Work task:
With the pictures removed, the data below must be transcribed in full and exactly.

[Supplied data — start]

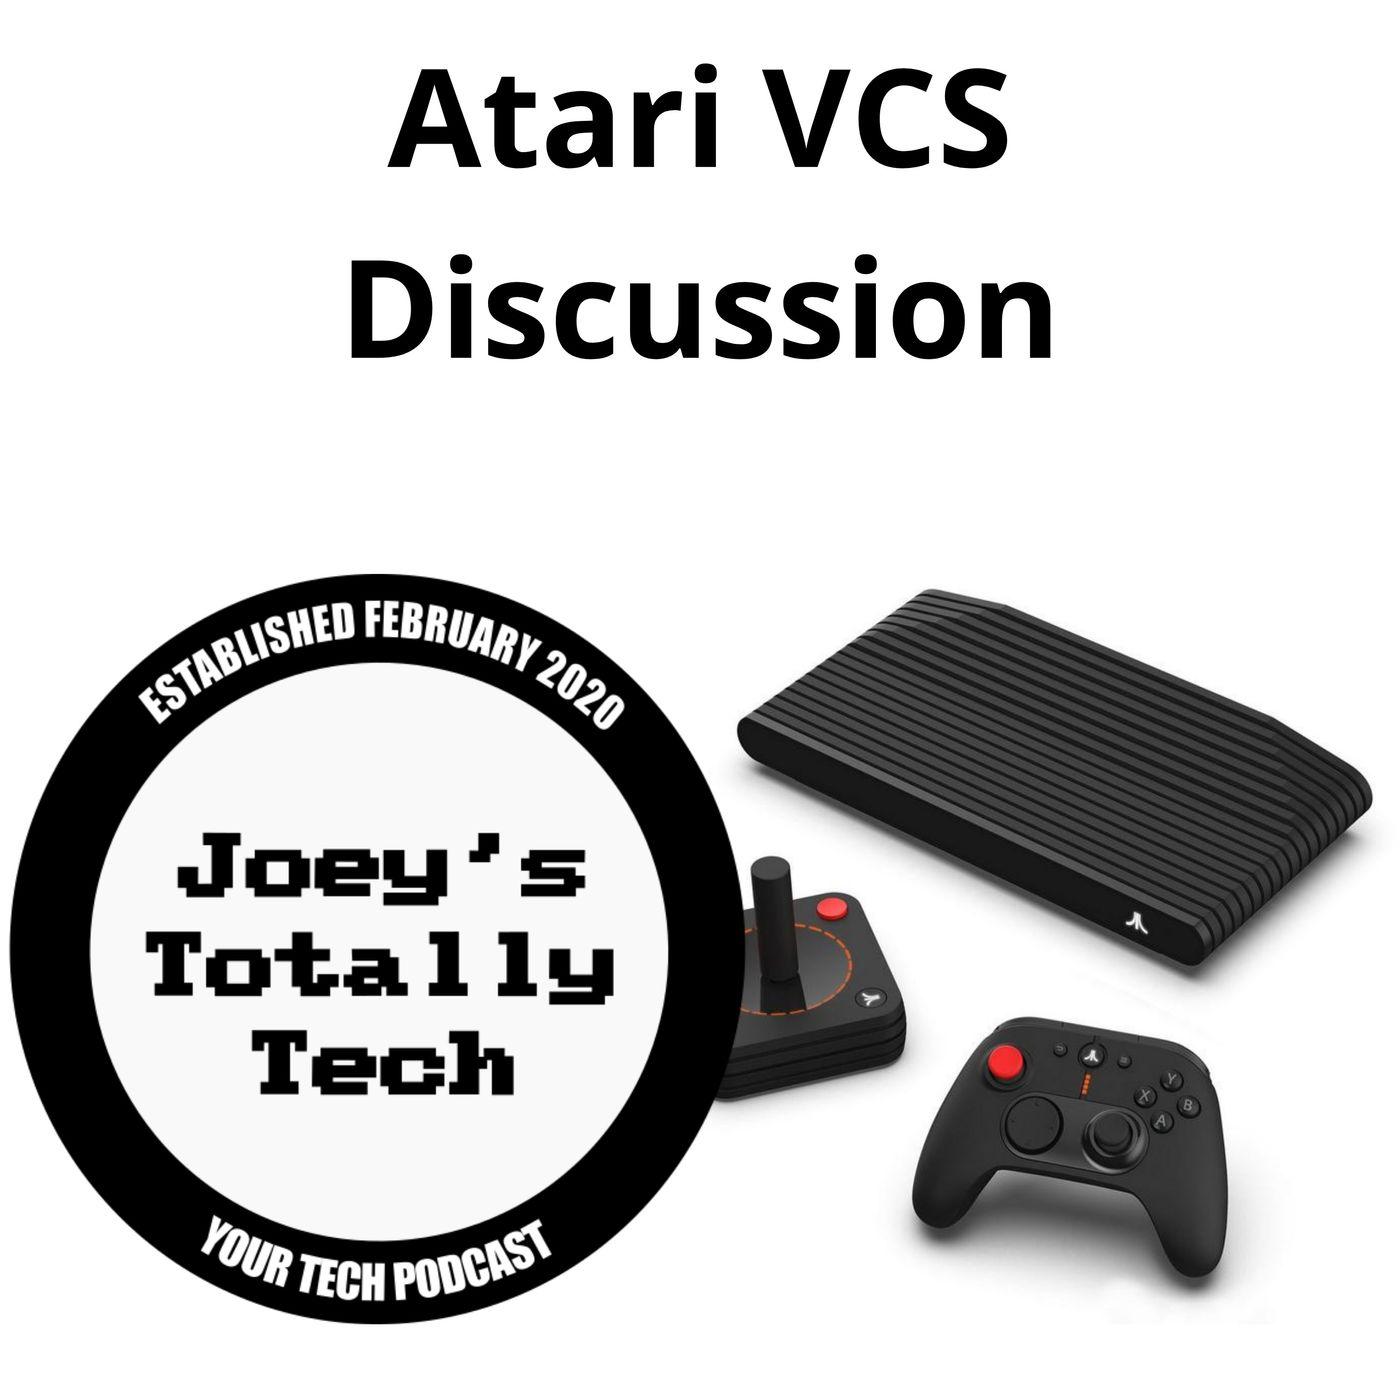 Atari VCS Discussion
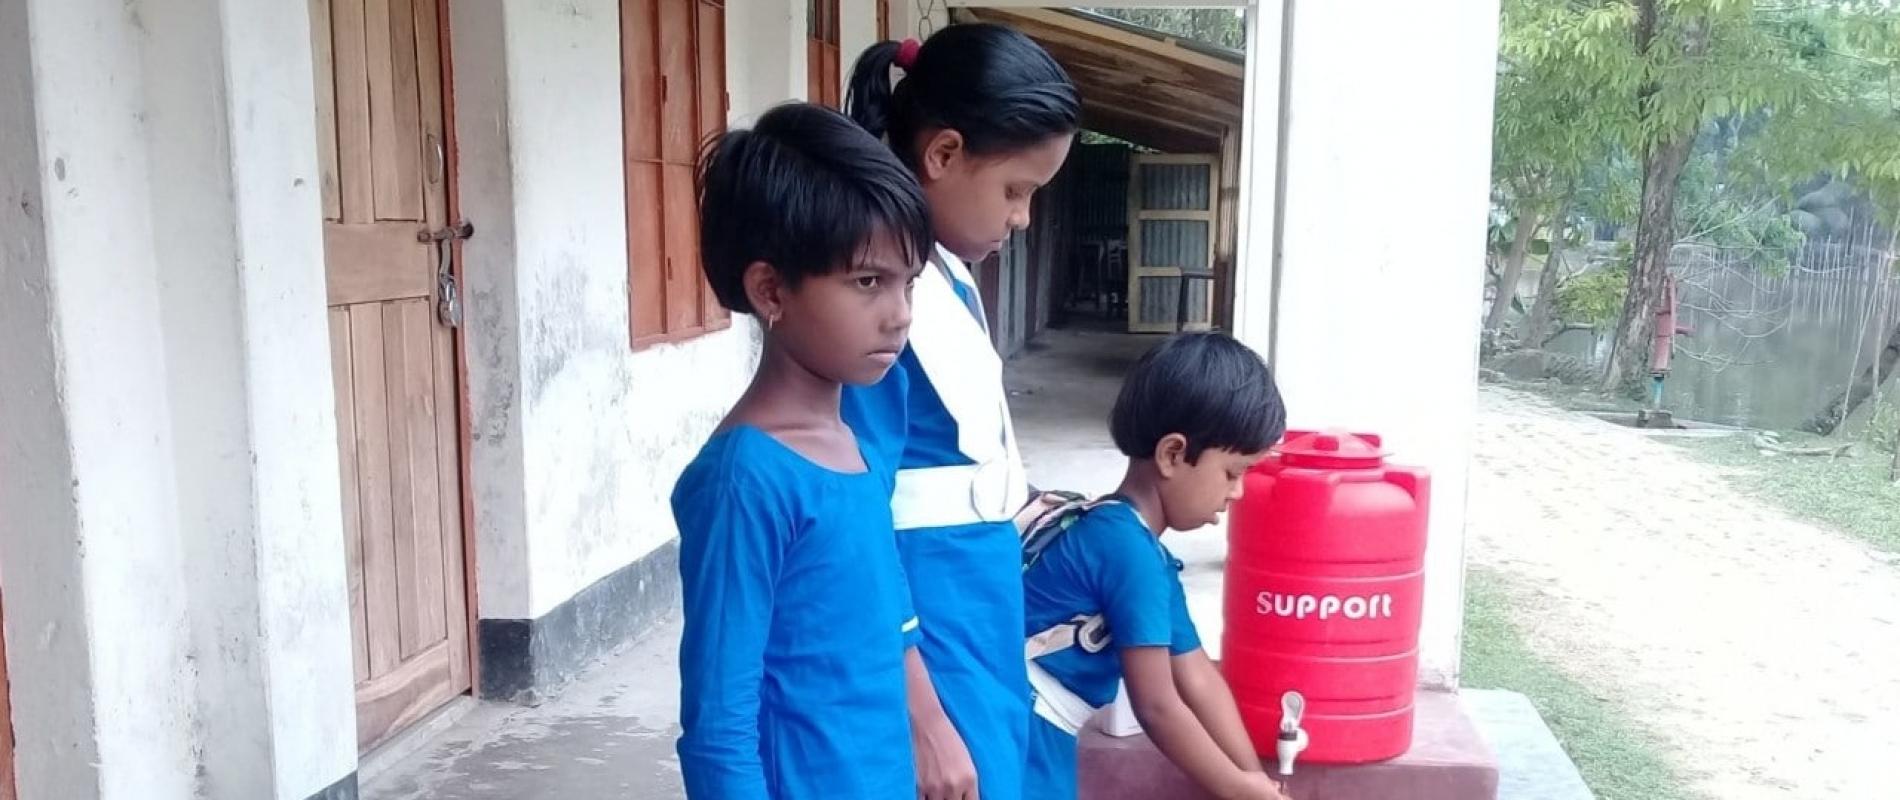 Aswas bangladesh 6 1500x1125
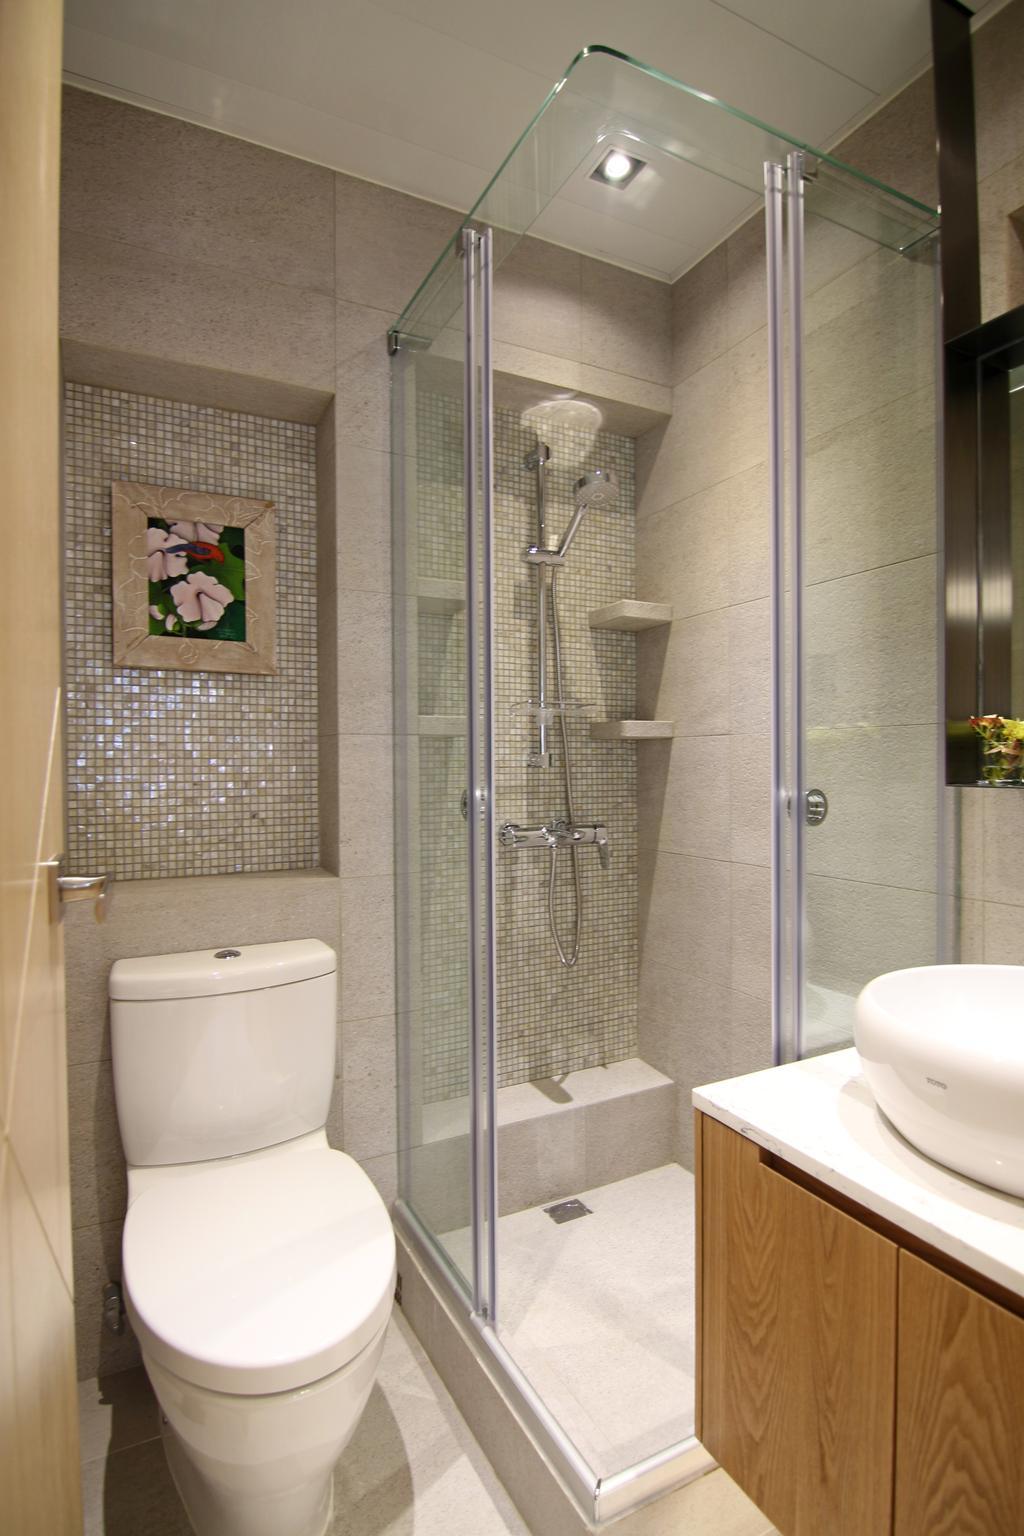 私家樓, 浴室, 聚龍居, 室內設計師, Bel Concetto, Toilet, Indoors, Interior Design, Room
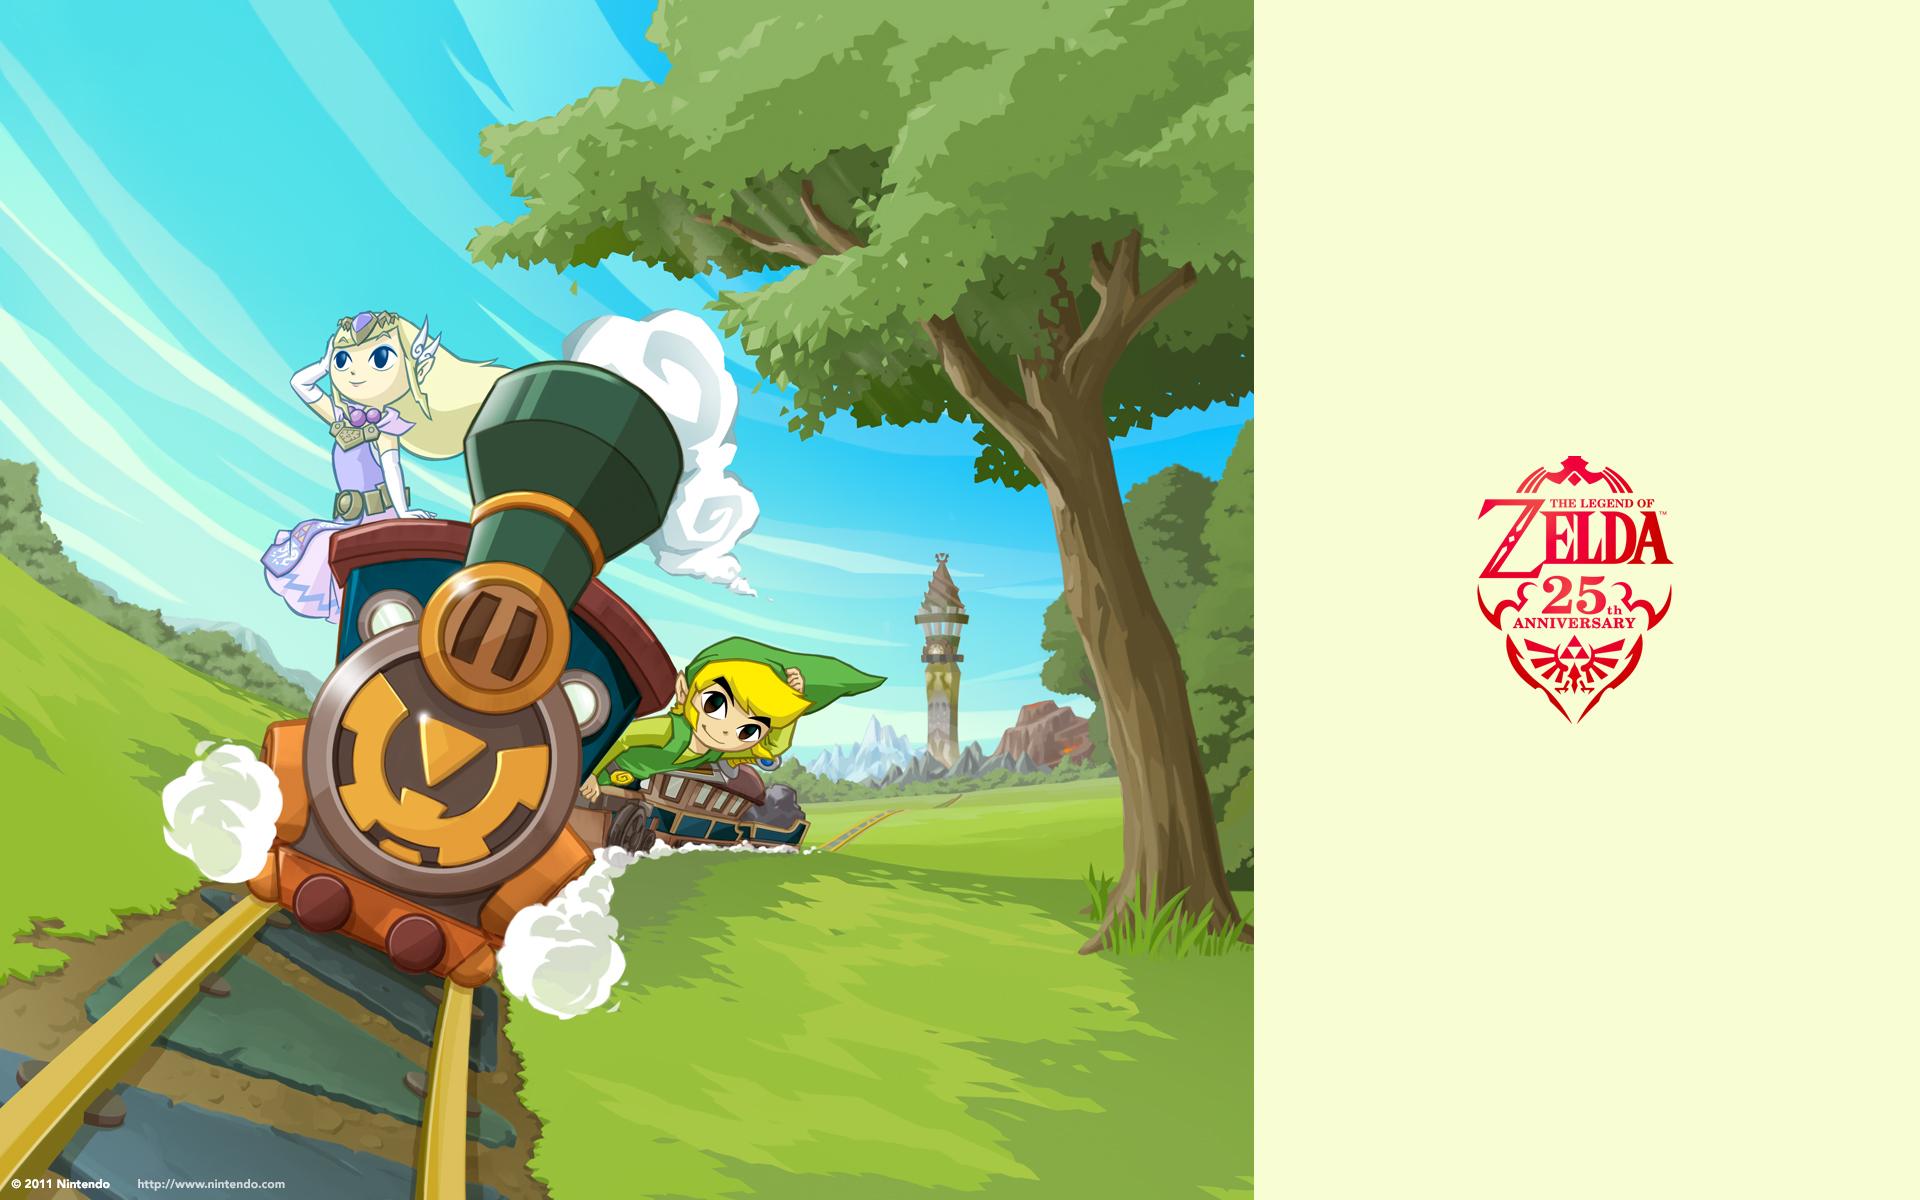 Zelda anniversary wallpapers

[Supplied data — finish]

Exercise output:
 Atari VCS Discussion
 Aswas bangladesh 6 1500x1125
 私家樓, 浴室, 聚龍居, 室內設計師, Bel Concetto, Toilet, Indoors, Interior Design, Room
 Zelda anniversary wallpapers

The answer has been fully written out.